BEGIN Recorded data
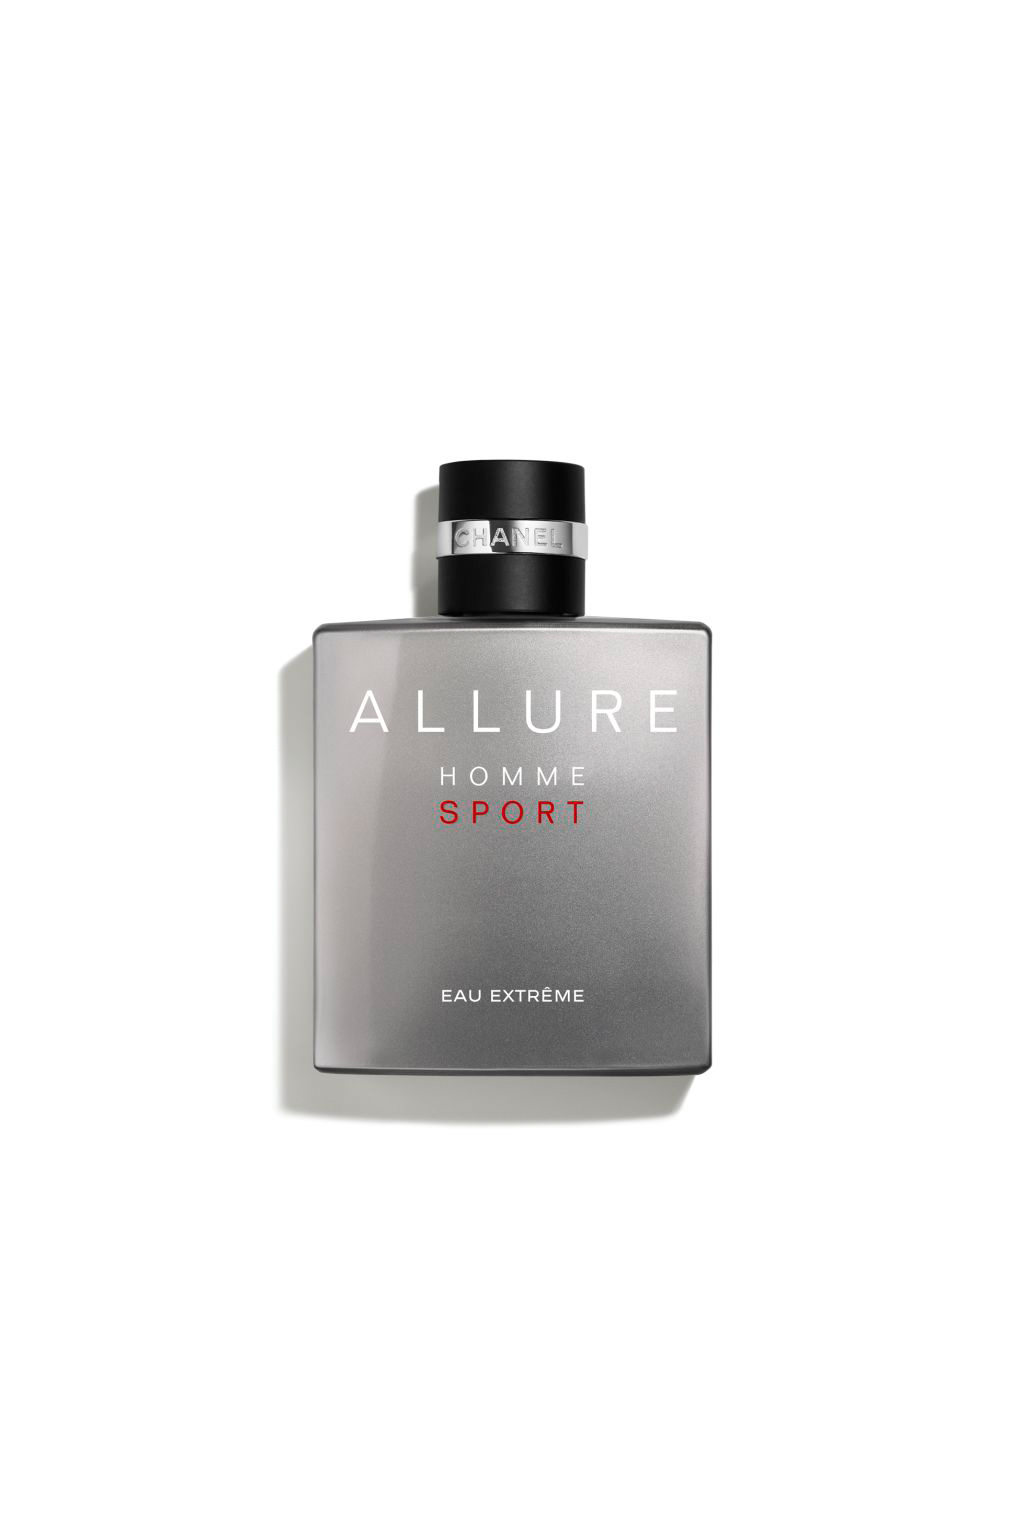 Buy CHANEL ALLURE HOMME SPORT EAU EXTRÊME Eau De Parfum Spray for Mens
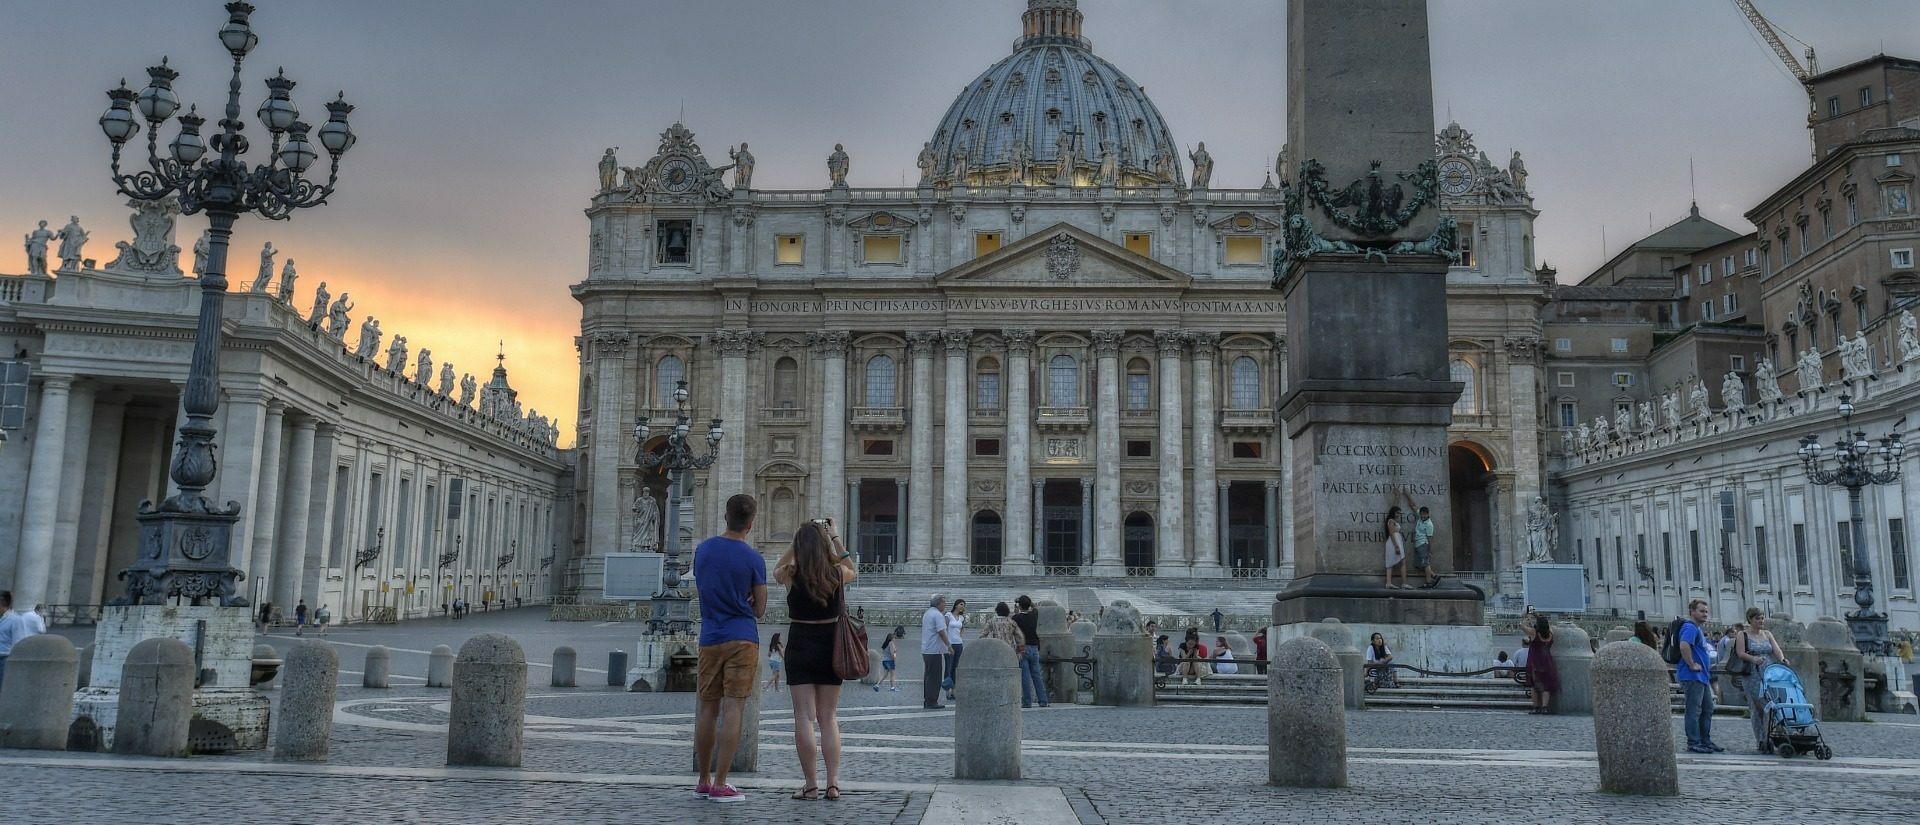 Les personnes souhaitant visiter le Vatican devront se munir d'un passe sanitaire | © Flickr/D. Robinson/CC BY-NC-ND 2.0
END Recorded data
BEGIN Recorded data
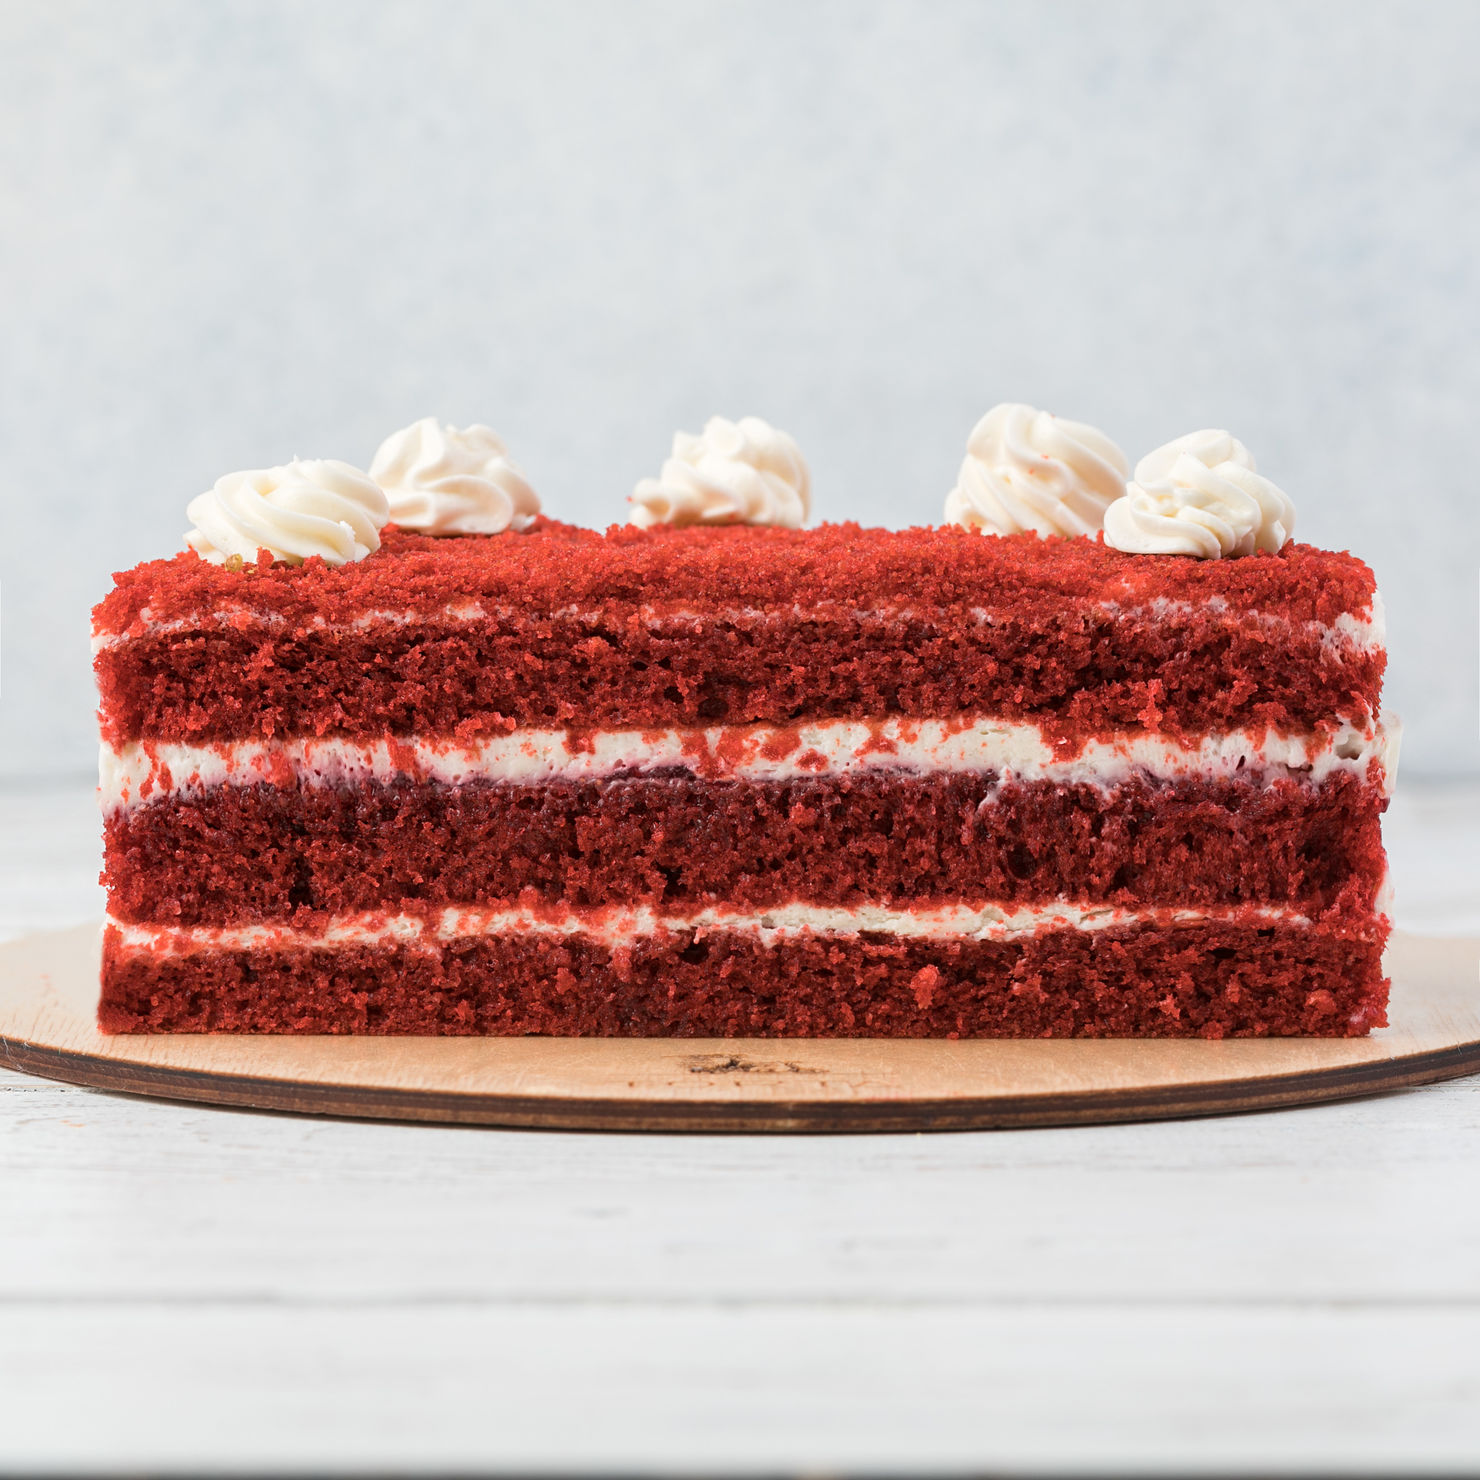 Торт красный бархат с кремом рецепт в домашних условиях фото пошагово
END Recorded data
BEGIN Recorded data
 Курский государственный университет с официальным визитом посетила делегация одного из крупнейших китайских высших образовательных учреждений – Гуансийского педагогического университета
END Recorded data
Try it: Copy word for word the lines of the records above from the one with "Buy CHANEL ALLURE" up to and including the one with "Les personnes souhaitant". Skip the pictures.

Output below:
 Buy CHANEL ALLURE HOMME SPORT EAU EXTRÊME Eau De Parfum Spray for Mens
 Les personnes souhaitant visiter le Vatican devront se munir d'un passe sanitaire | © Flickr/D. Robinson/CC BY-NC-ND 2.0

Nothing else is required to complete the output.